* RECORD SET
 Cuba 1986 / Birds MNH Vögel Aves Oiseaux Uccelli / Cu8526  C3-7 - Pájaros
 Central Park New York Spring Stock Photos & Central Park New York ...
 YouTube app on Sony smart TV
--
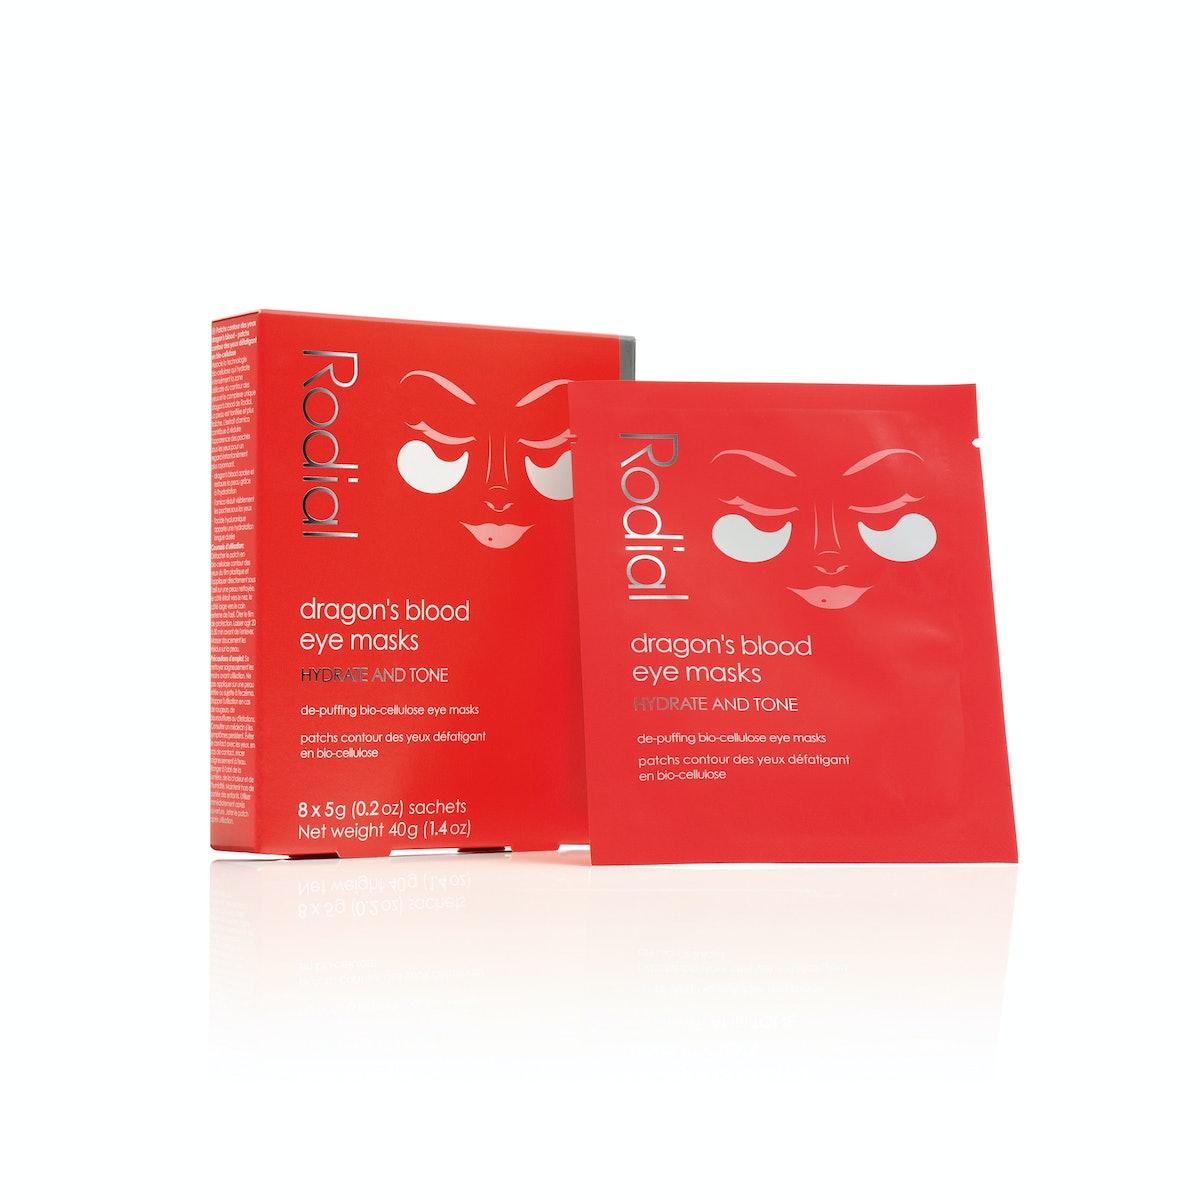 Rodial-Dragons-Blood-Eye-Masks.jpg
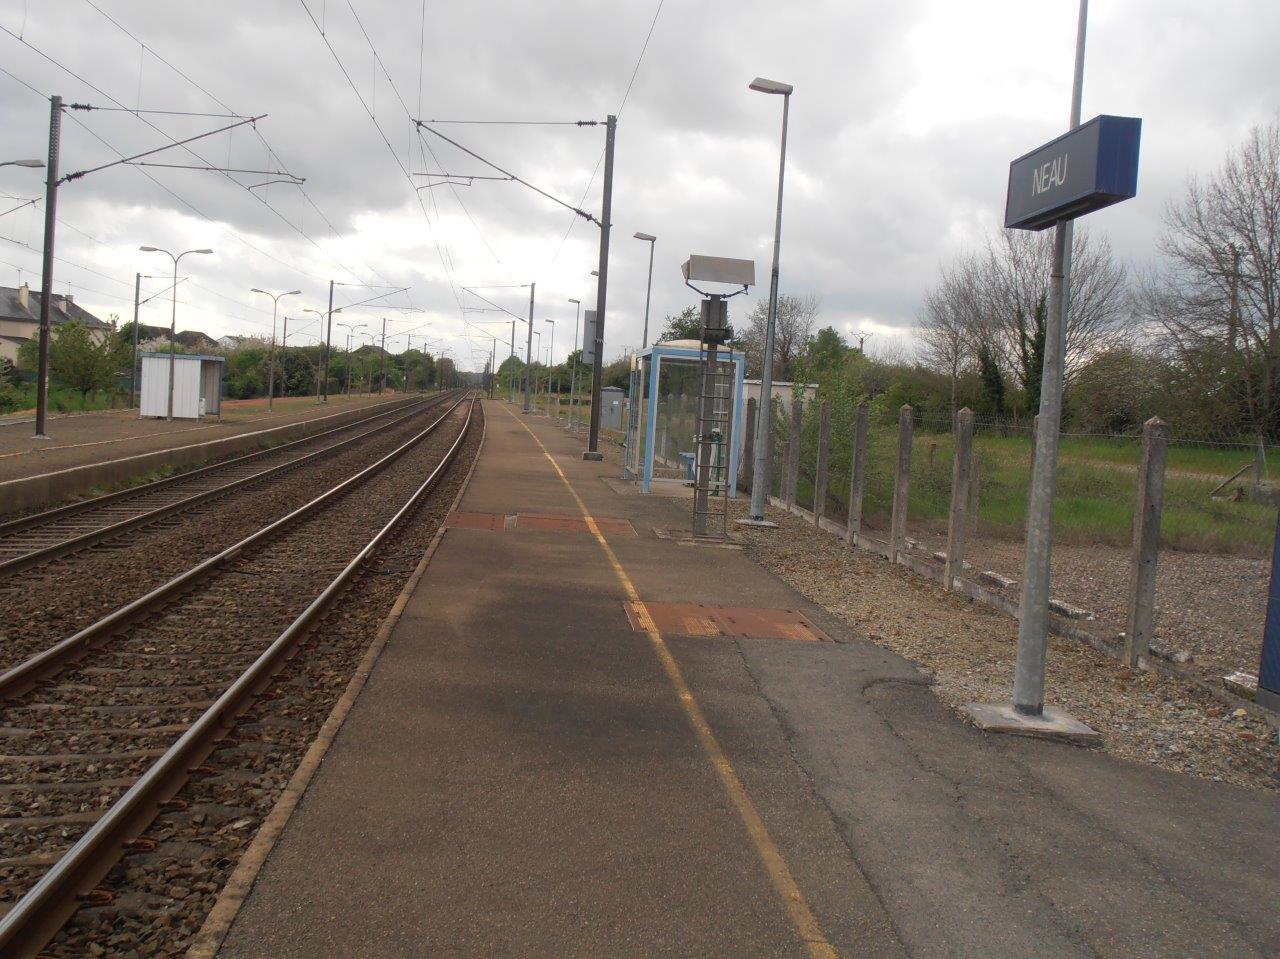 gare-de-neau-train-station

* WHAT THIS TASK INVOLVES
Set down, from the entries above, exactly the lines from the one with "Cuba 1986 /" up to and including the one with "YouTube app on Sony smart TV", and no other lines.

* ANSWER TO THIS PROBLEM
 Cuba 1986 / Birds MNH Vögel Aves Oiseaux Uccelli / Cu8526  C3-7 - Pájaros
 Central Park New York Spring Stock Photos & Central Park New York ...
 YouTube app on Sony smart TV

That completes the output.